Şükran Şençekiçer
Türkiye’yi terk ederek Almanya’da yaşamaya başlayan gazeteci ve yazarlar, Frankfurt Kitap Fuarı’nda ülkeden uzakta yazmanın, çalışmanın anlamını anlattı.
Dünyanın en büyük kitap fuarı olan, 104 ülkeden 7450 katılımcının yer aldığı Frankfurt Kitap Fuarı, Almanya’da yaşayan Türk yazar ve gazetecileri okurlarla buluşturdu. 16-20 Ekim tarihleri arasında düzenlenen fuarda, kültürlerarası diyaloğu destekleyen Türkiye Almanya Kültür Forumu’nun standı da yerini aldı.
Standda birçok gazeteci ve yazar, Kültür Forumu tarafından desteklenen #FreeWordsTurkey inisiyatifi öncülüğünde Türkiye’de ifade özgürlüğü ve sansür gibi konuları ele alarak kendi deneyimlerini paylaştı.
Söyleşisinde ona 2010 Sait Faik Hikâye Armağanı'nı kazandıran romanı Taş Ev ve Sürgün’ü anlatan edebiyatçı Aslı Erdoğan, son yıllarda yaşadıklarını “hapis artı sürgün” diye adlandırdı.
Özgür Gündem davasında “silahlı terör örgütü üyeliği” suçlamasıyla yargılanan, üç buçuk aylık hapis süreci ve sonrasında devam eden yurt dışı çıkış yasağına maruz kalan Erdoğan, iki yıldır yaşadığı Almanya'da Türkiye’ye olan özlemini dile getirdi.
DW Türkçe’ye konuşan Aslı Erdoğan, anadilinden uzak olmasının bir yazar için çok can alıcı bir mesafe olduğunu anlattı. “Kütüphanemden, kitaplarımdan, evimden uzağım; bunlar ağır vuruyor” diyen Erdoğan, ağır sağlık problemleri yaşadığını ve bu nedenlerle yazamadığını söyledi. Fakat eninde sonunda cezaevinde yaşadıklarını bir kitaba dönüştüreceğini söyleyen Erdoğan, sözlerine şöyle devam etti:
“Cezaevi bir kitaba dönüşmek zorunda. Yoksa beni için için parçalayacak. Bu cezaevini yazmak kendime de, cezaevindekilere de, edebiyata da bir borcum. Bu borcu kapamadan gitmeye niyetim yok.”

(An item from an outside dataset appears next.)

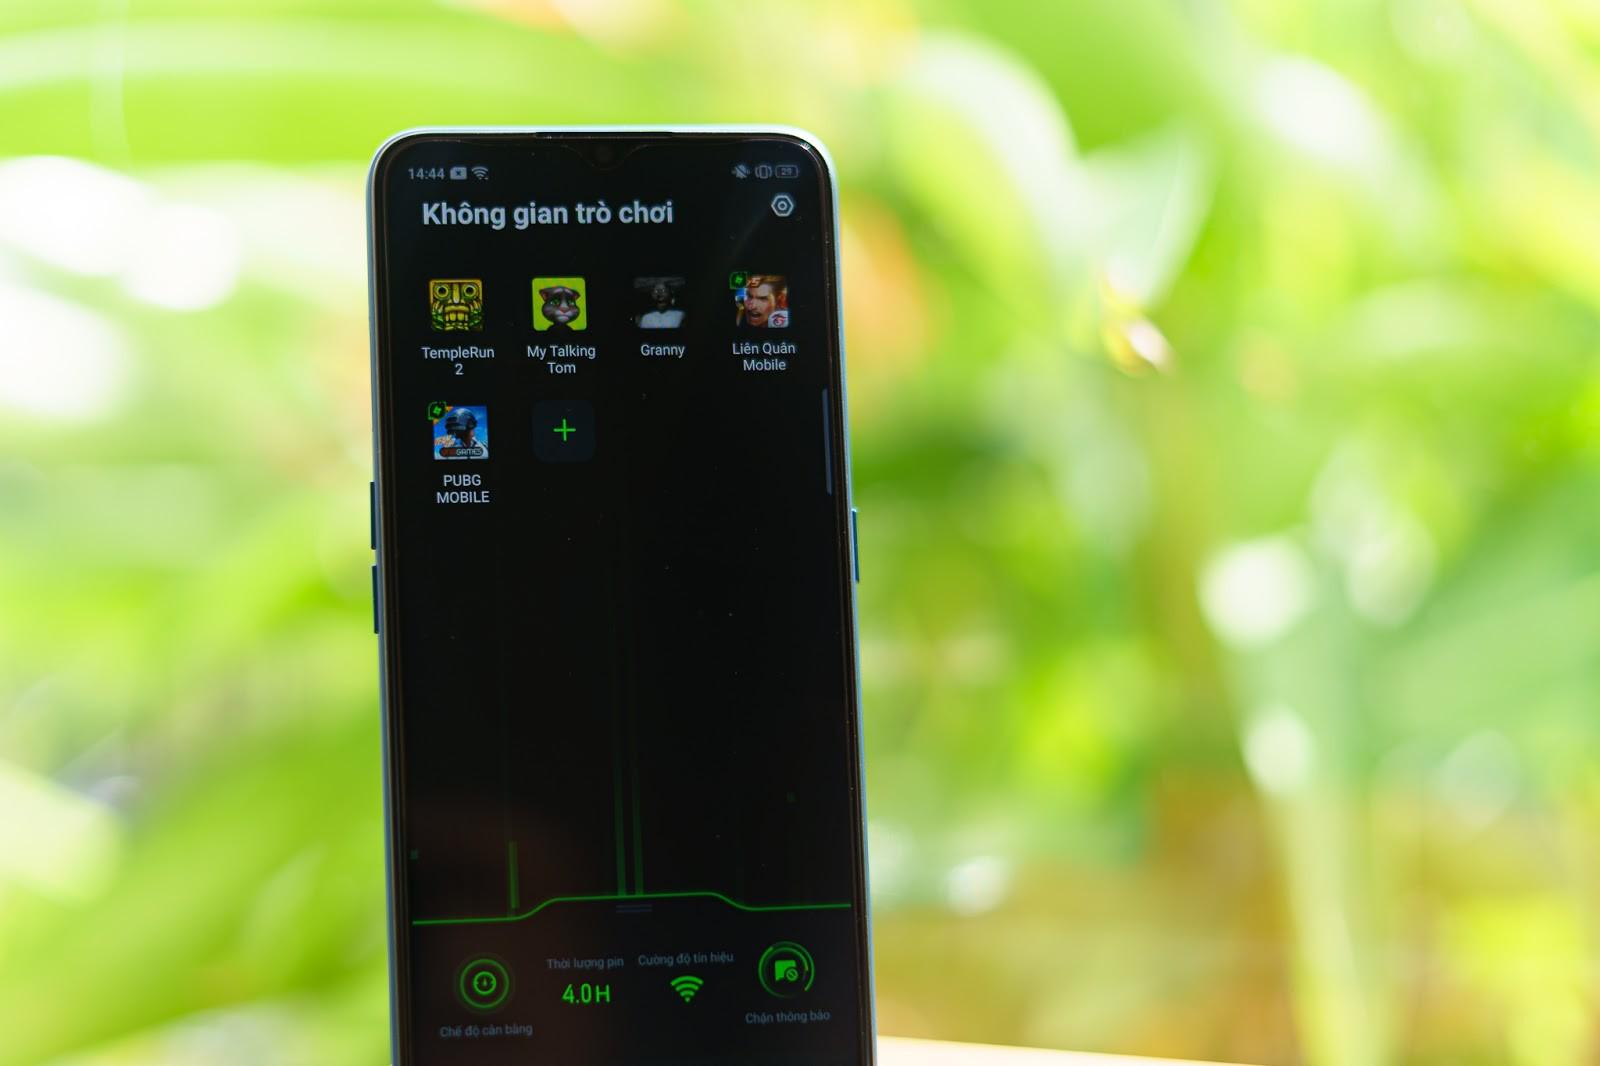 VZN News: Smartphone tầm trung OPPO A9 2020 sẽ mang đến những trải nghiệm tối đa nào với viên pin khủng 5.000 mAh? - Ảnh 5.
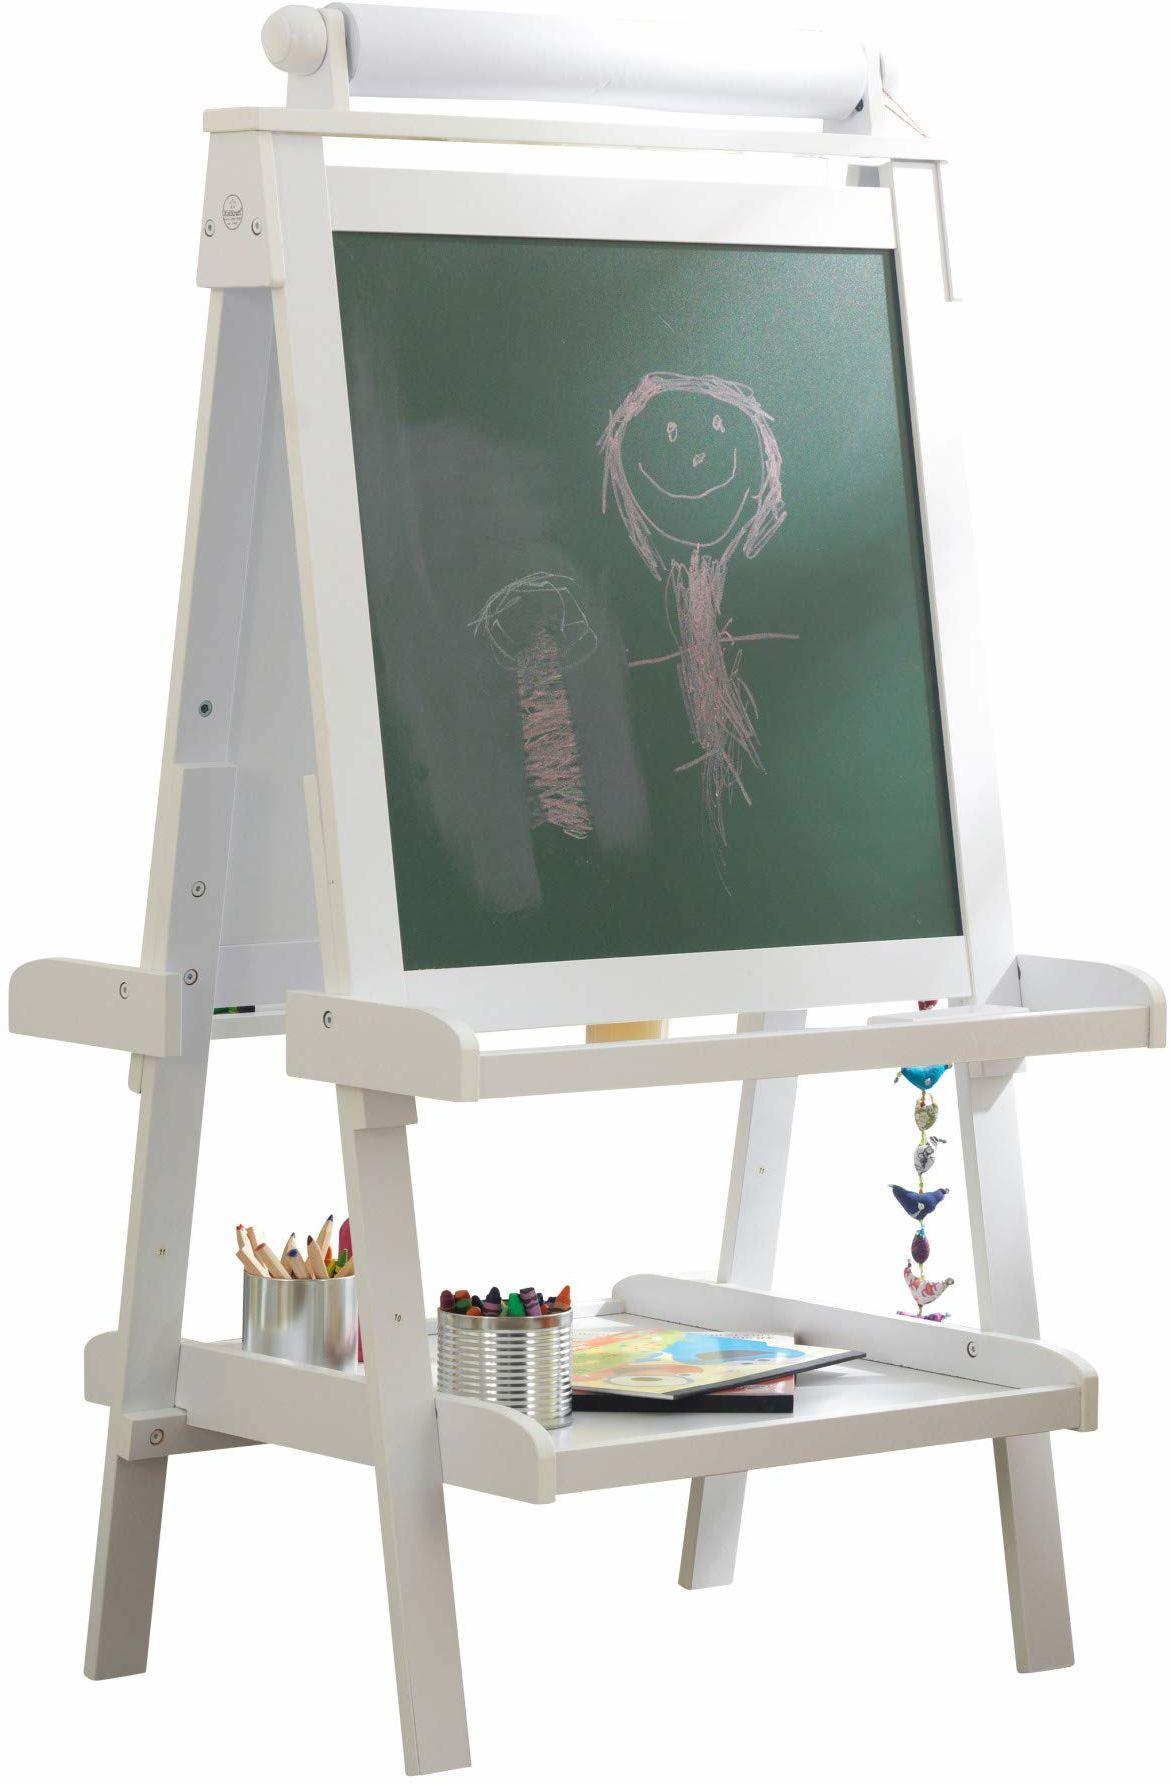 KidKraft 62040 drewniana sztaluga dla dzieci z rolką papierową, współpracuje z ołówkami, markerami, kredą, farbą i innymi, biała

Türkiye’deki ifade özgürlüğü yoksunluğuna ilişkin de konuşan Aslı Erdoğan, “Basın bütünüyle kontrol altında. Sanat dünyasında paçasını kurtarmak için yönetime yanaşanlar var, kaçanlar var. O kadar çok insan Avrupa’da ki şu an. Müzisyenler, karikatüristler, yazarlar, gazeteci, akademisyenler…Bir ülke yazarını, sanatçısını, gazetecisini bu kadar mı rahat harcıyor, bu kadar mı kolay gözden çıkarıyor?” dedi.
Etkinliklerde öne çıkan konulardan biri olan diasporada gazetecilik üzerine konuşan diğer isimler Artı Gerçek Genel Yayın Yönetmeni Celal Başlangıç ve Artı Gerçek yazarı Ahmet Aziz Nesin’di.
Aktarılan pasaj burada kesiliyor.